• [The problem] Without the pictures, retype each line below exactly as it stands.

• [Given information]
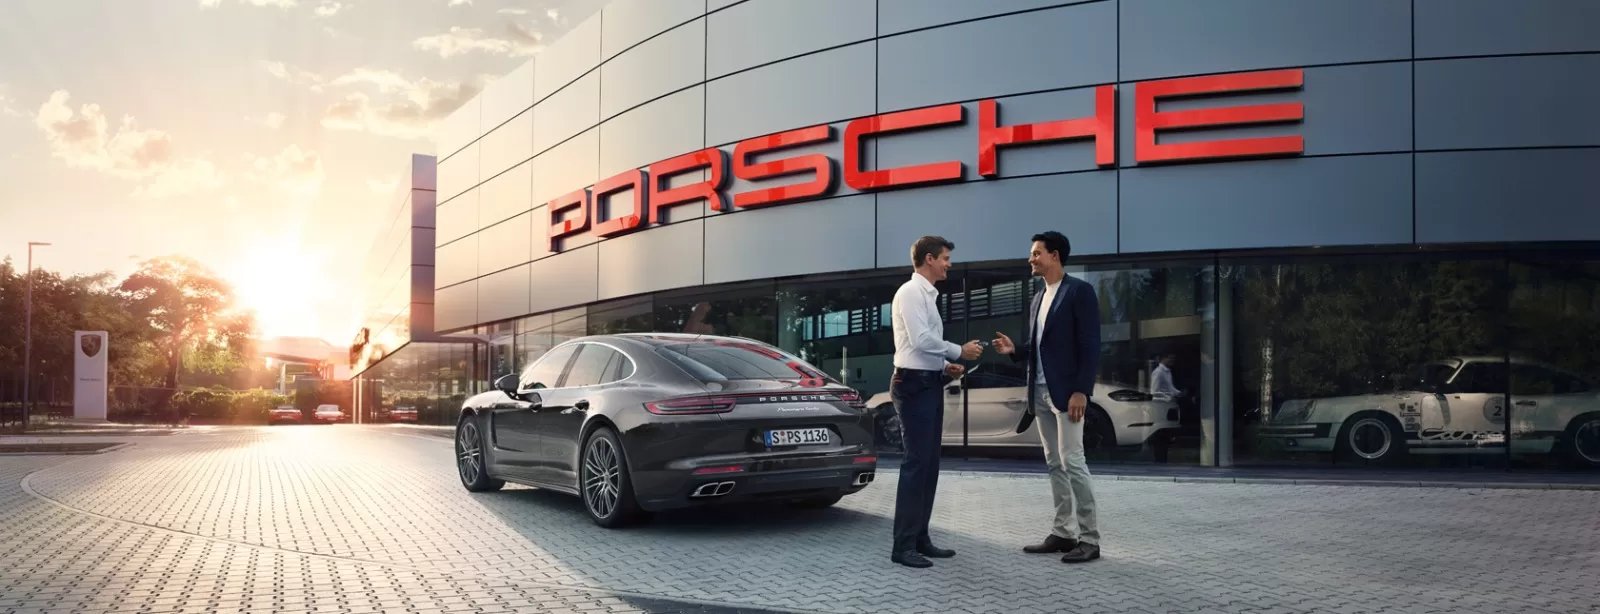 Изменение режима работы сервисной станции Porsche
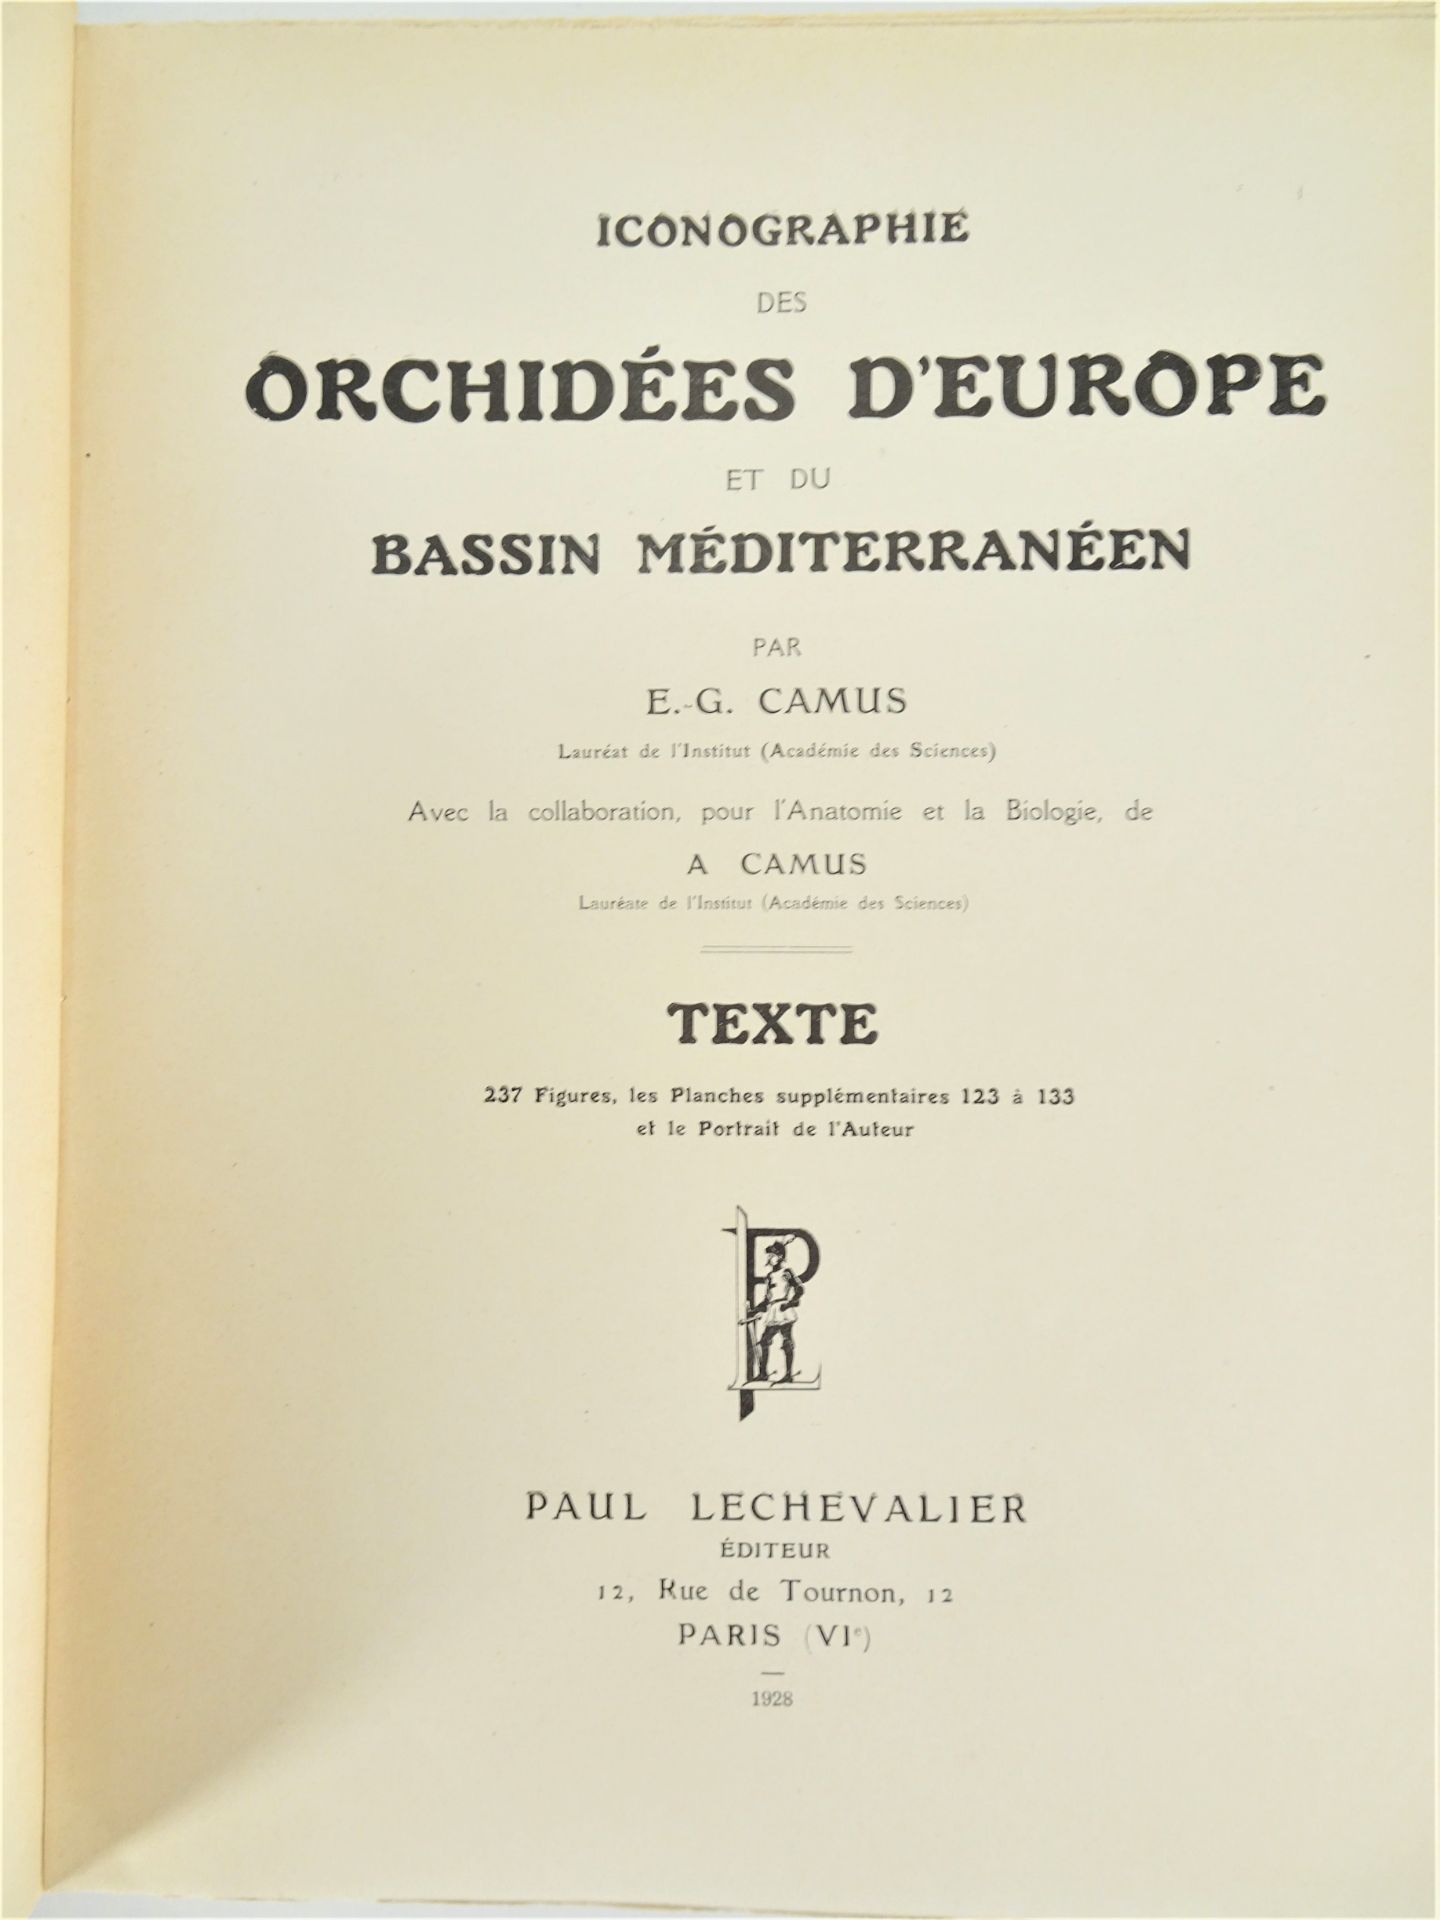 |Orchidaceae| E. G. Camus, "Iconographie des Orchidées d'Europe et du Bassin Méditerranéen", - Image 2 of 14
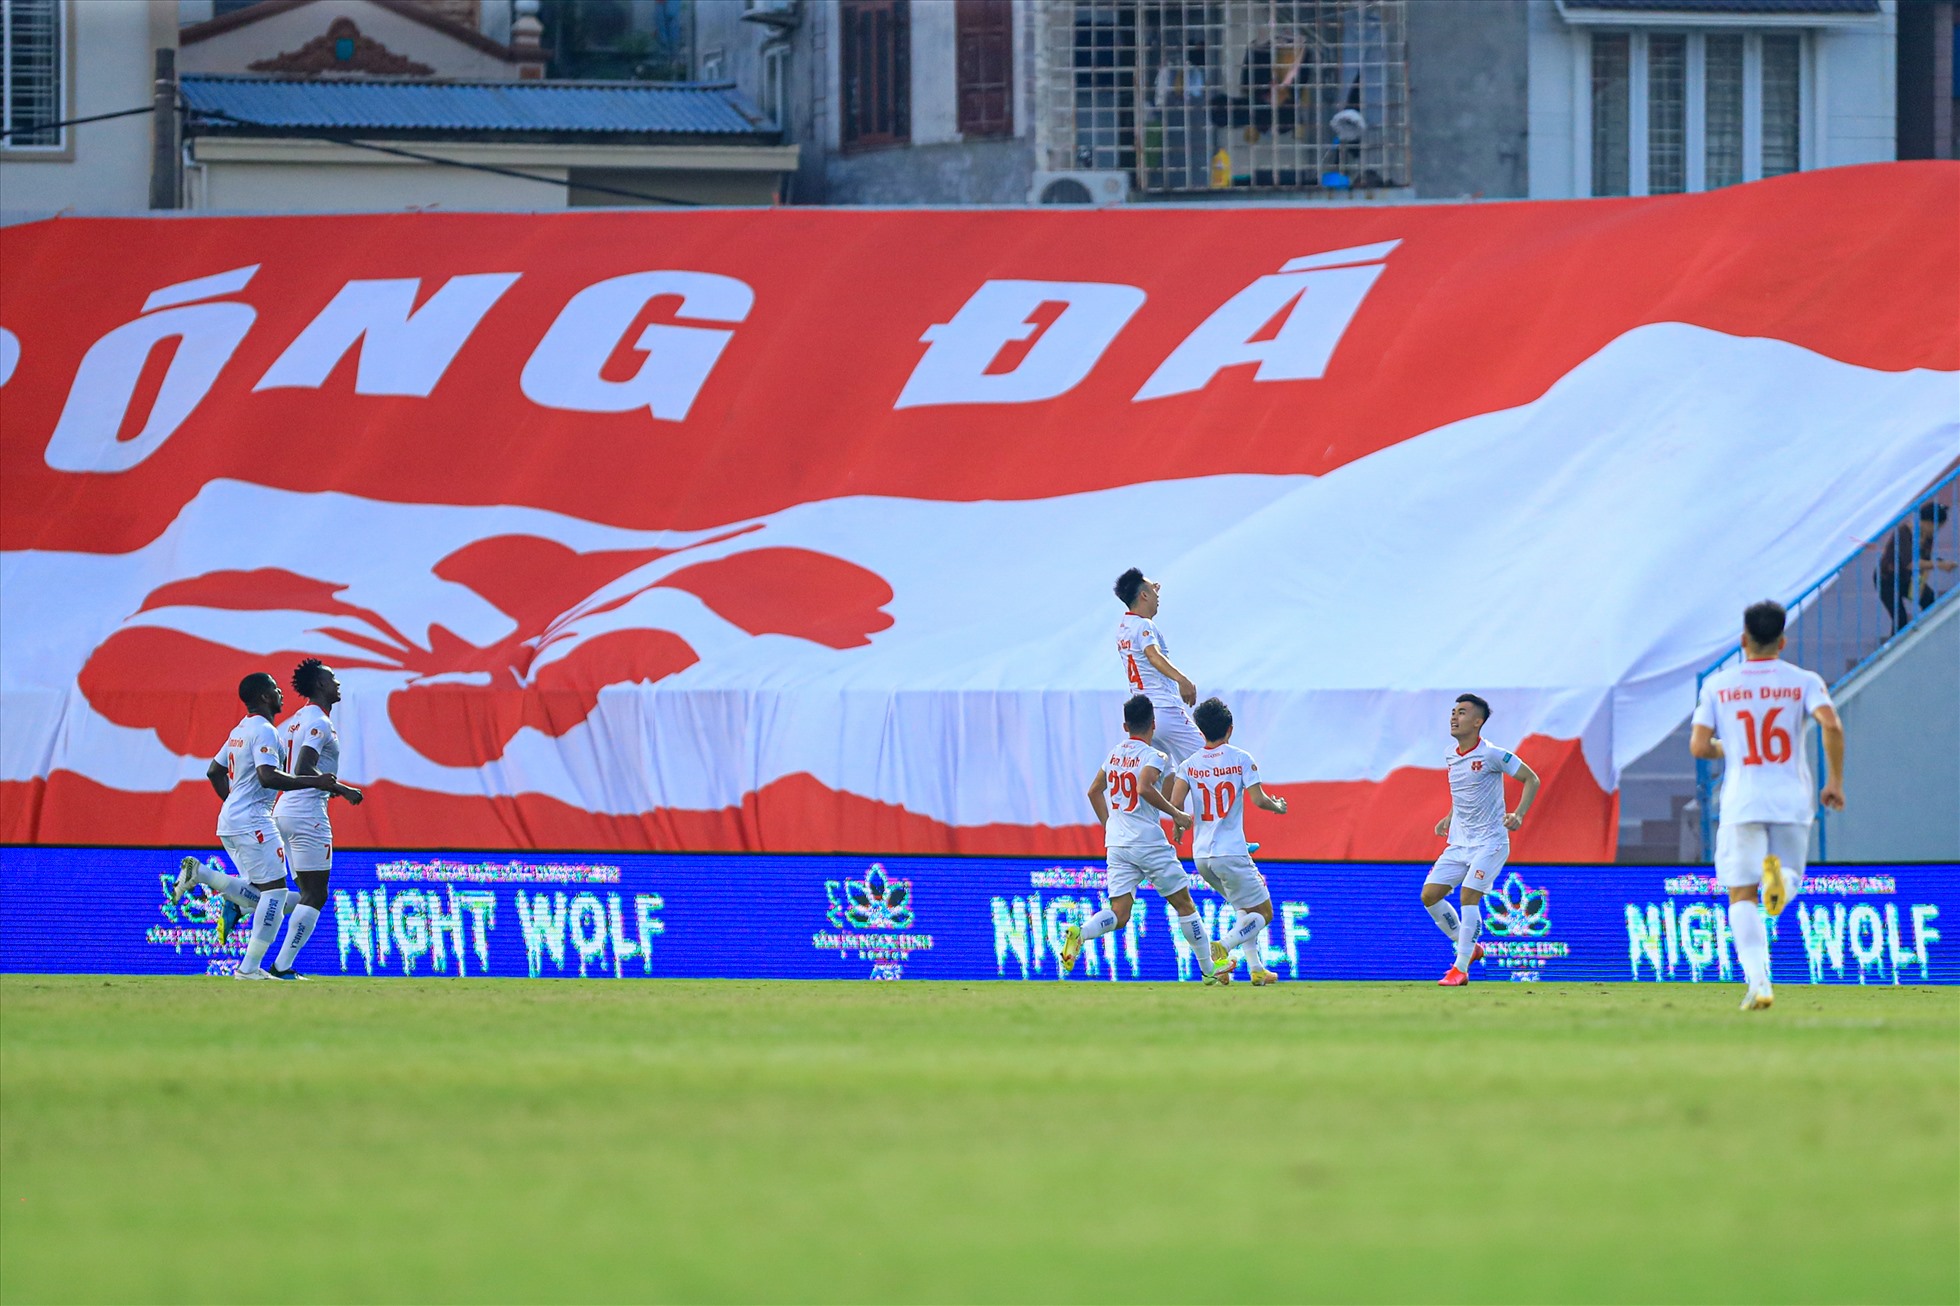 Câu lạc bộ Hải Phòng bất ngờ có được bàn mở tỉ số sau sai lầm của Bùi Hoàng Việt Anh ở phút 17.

• [Response below]
 Изменение режима работы сервисной станции Porsche
 |Orchidaceae| E. G. Camus, "Iconographie des Orchidées d'Europe et du Bassin Méditerranéen", - Image 2 of 14
 Câu lạc bộ Hải Phòng bất ngờ có được bàn mở tỉ số sau sai lầm của Bùi Hoàng Việt Anh ở phút 17.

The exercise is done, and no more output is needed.